What the task asks:
Copy the listing as it is written, and leave each picture out.

Exercise data:
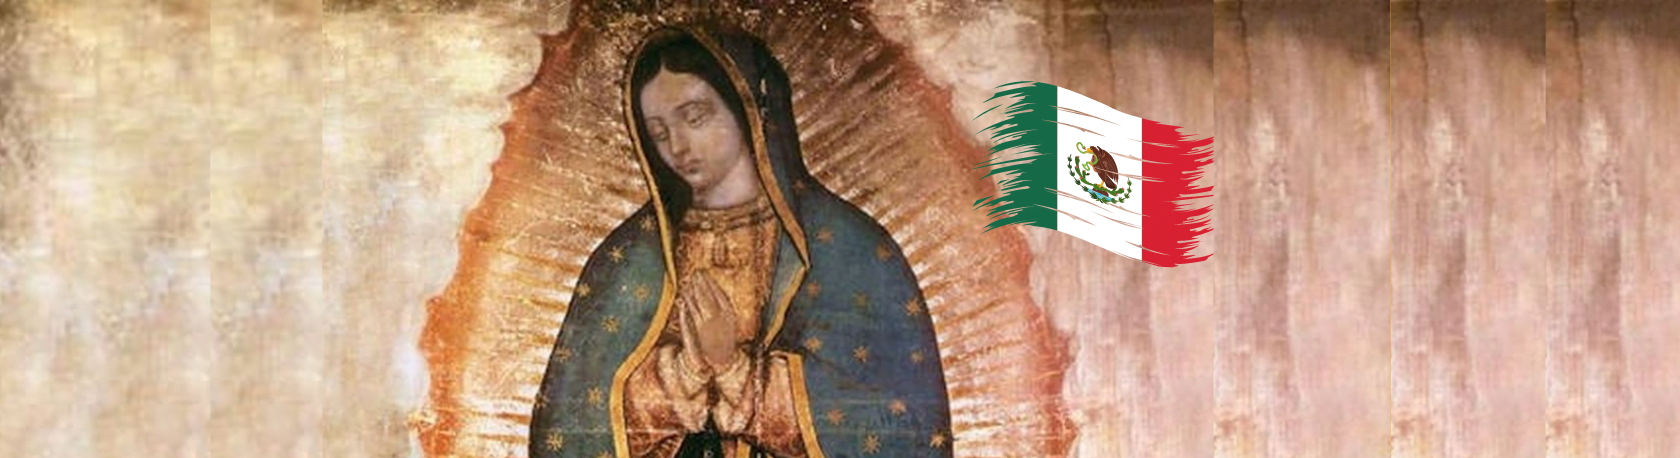 Easy Podcast - El Día de la Virgen de Guadalupe - Easy Español
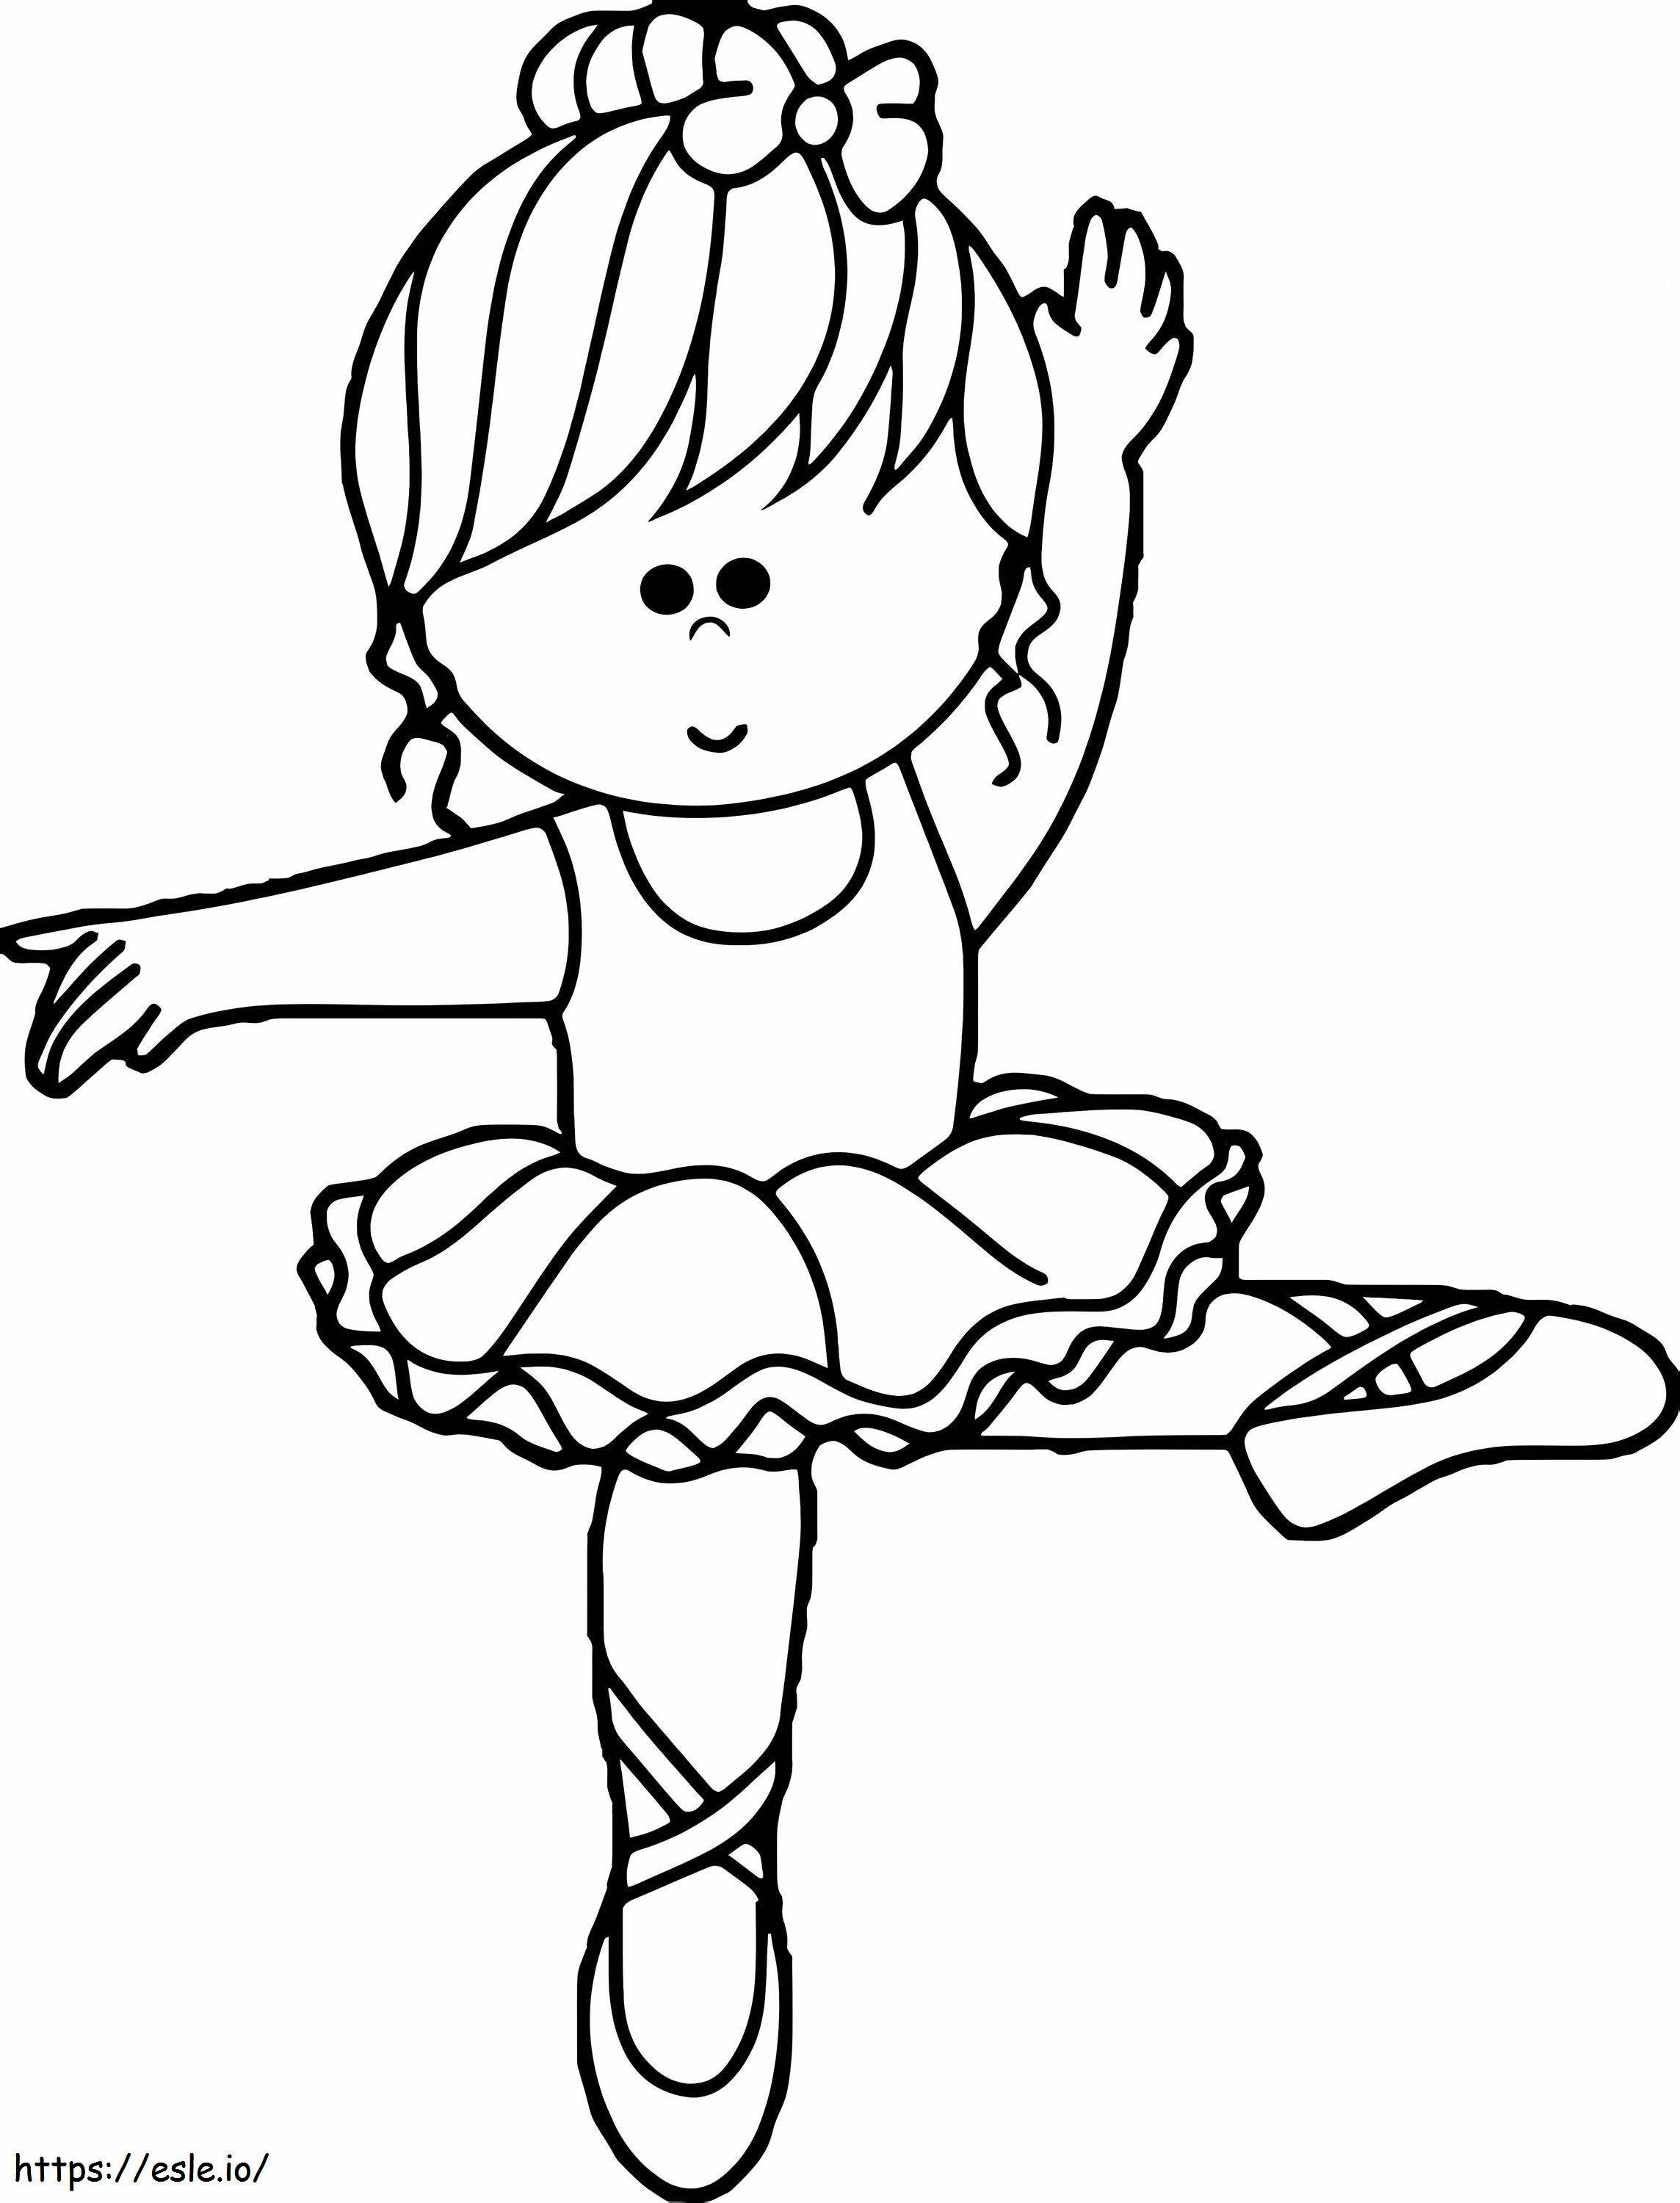 Cartoon Ballerina coloring page
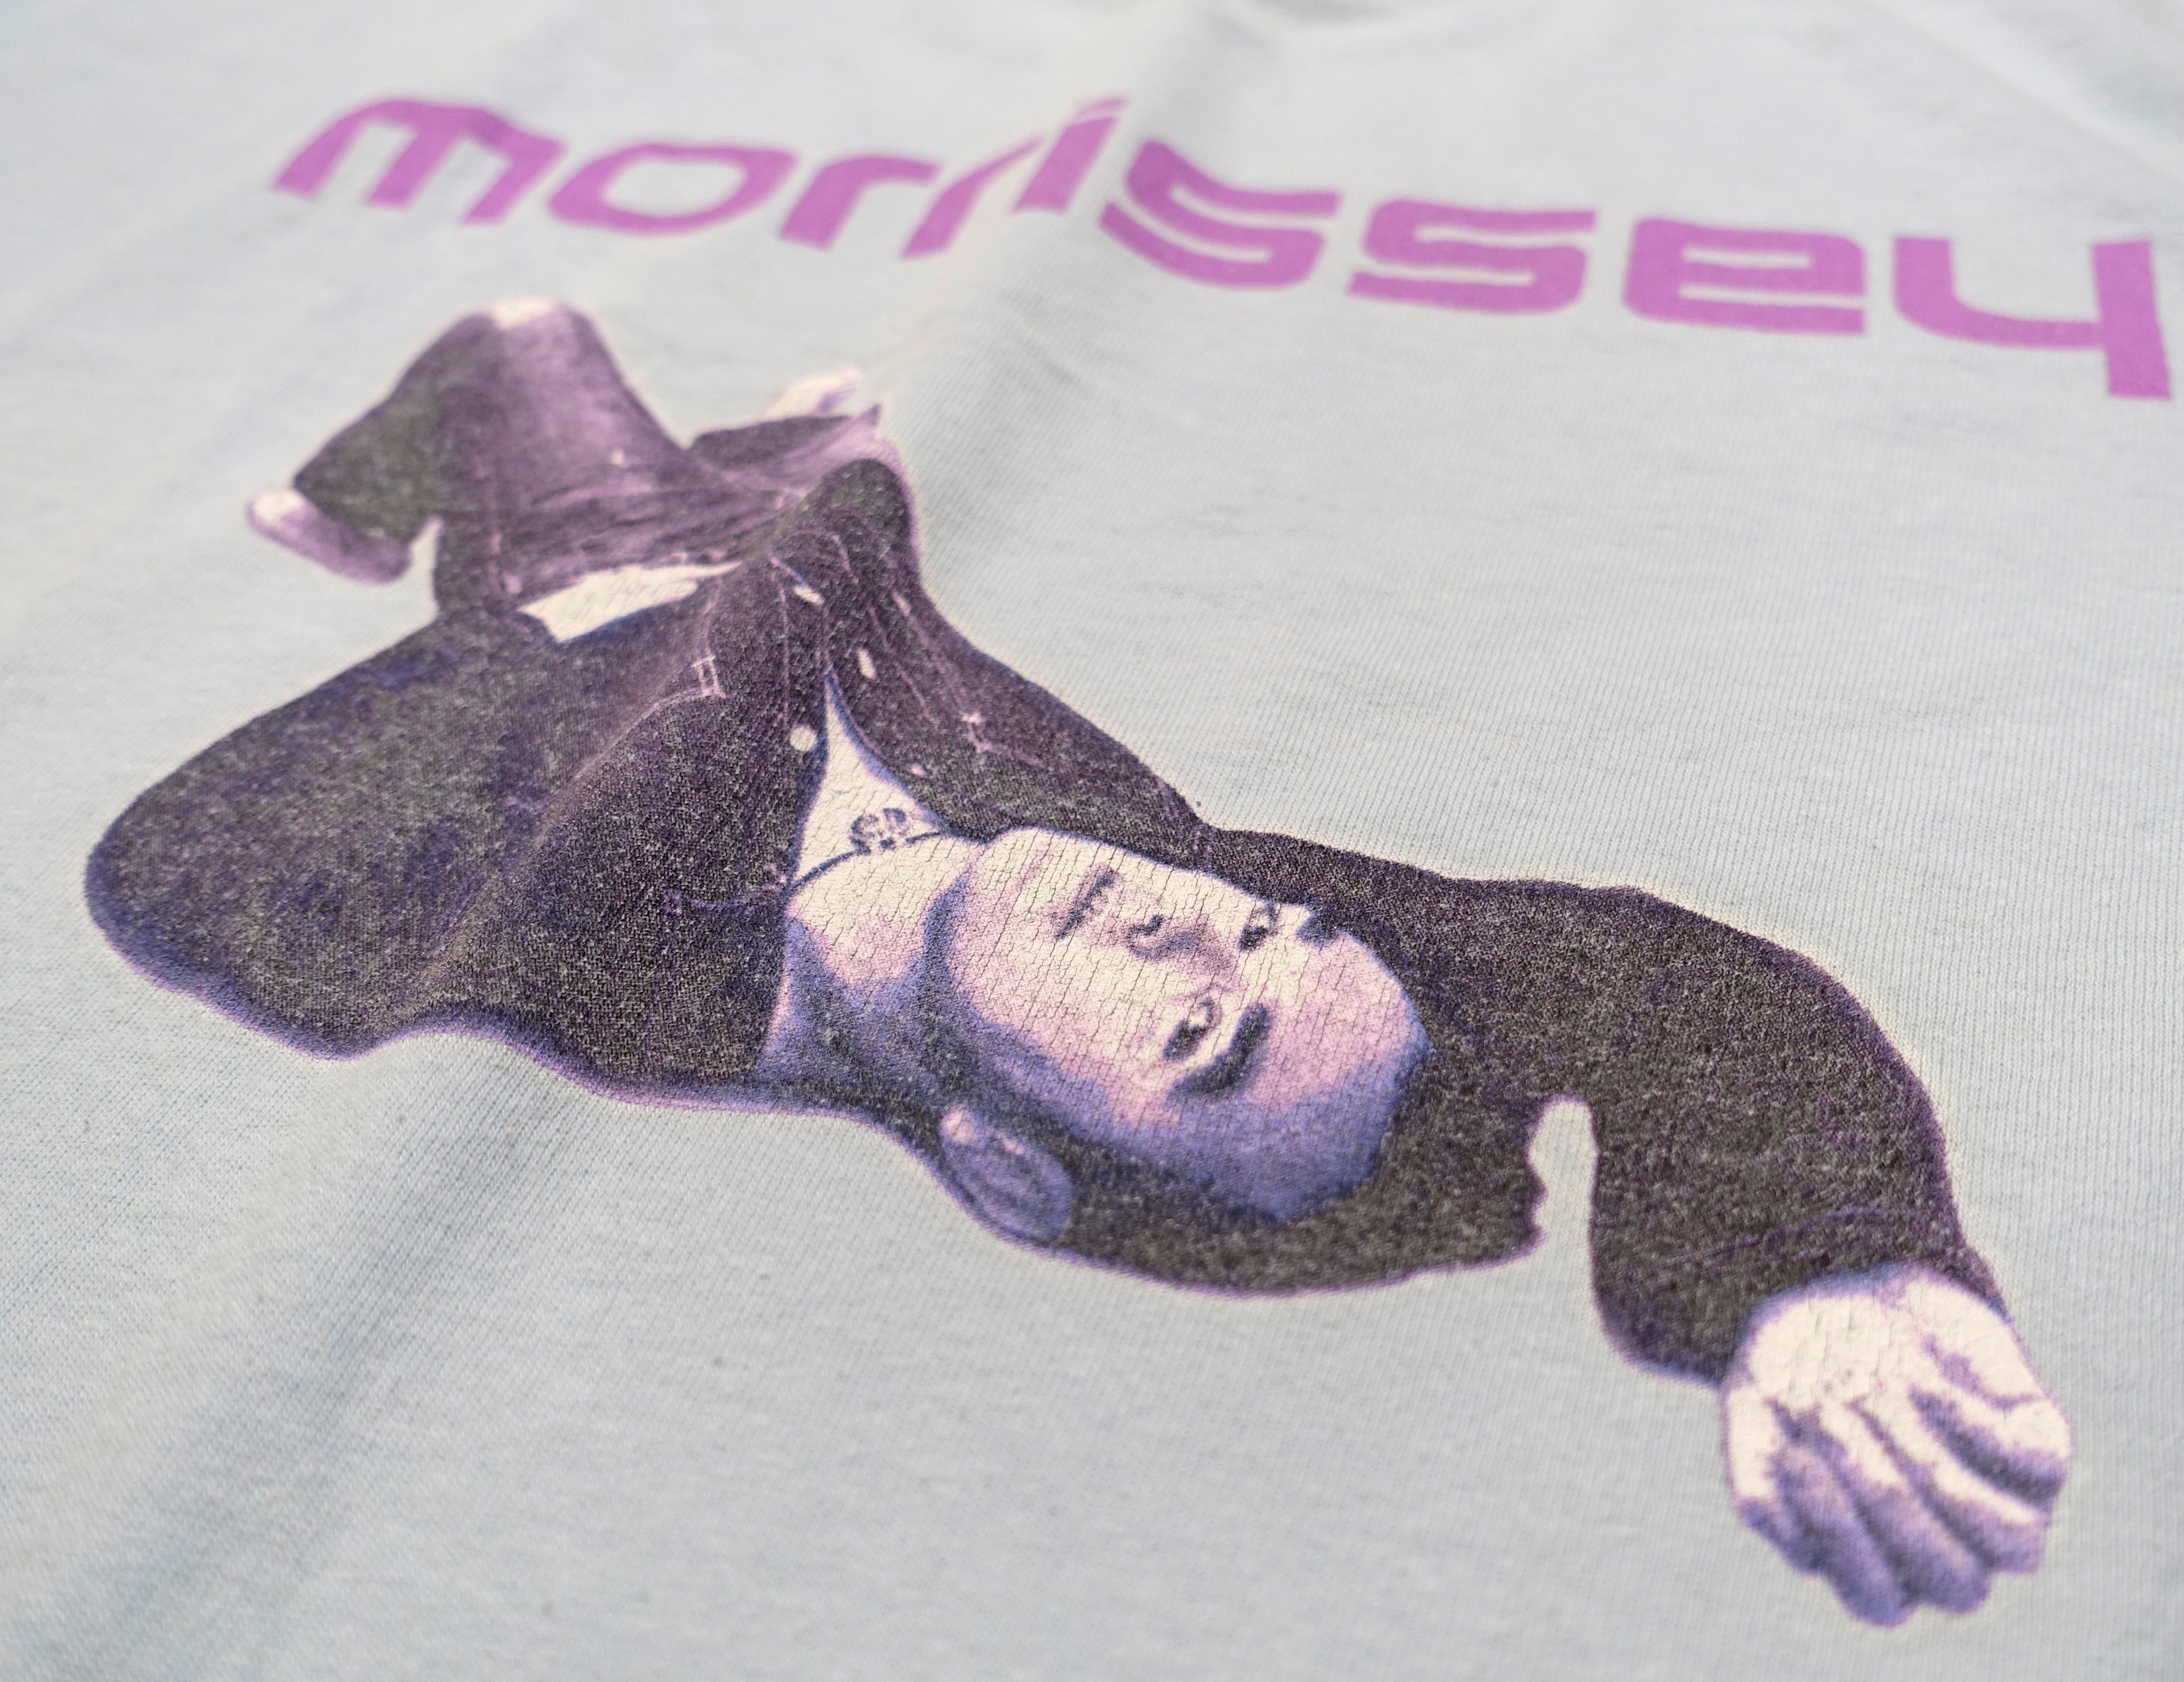 Morrissey - Earls Court 2004 Tour Shirt Size XL

Finished task:
 Easy Podcast - El Día de la Virgen de Guadalupe - Easy Español
 Cartoon Ballerina coloring page
 Morrissey - Earls Court 2004 Tour Shirt Size XL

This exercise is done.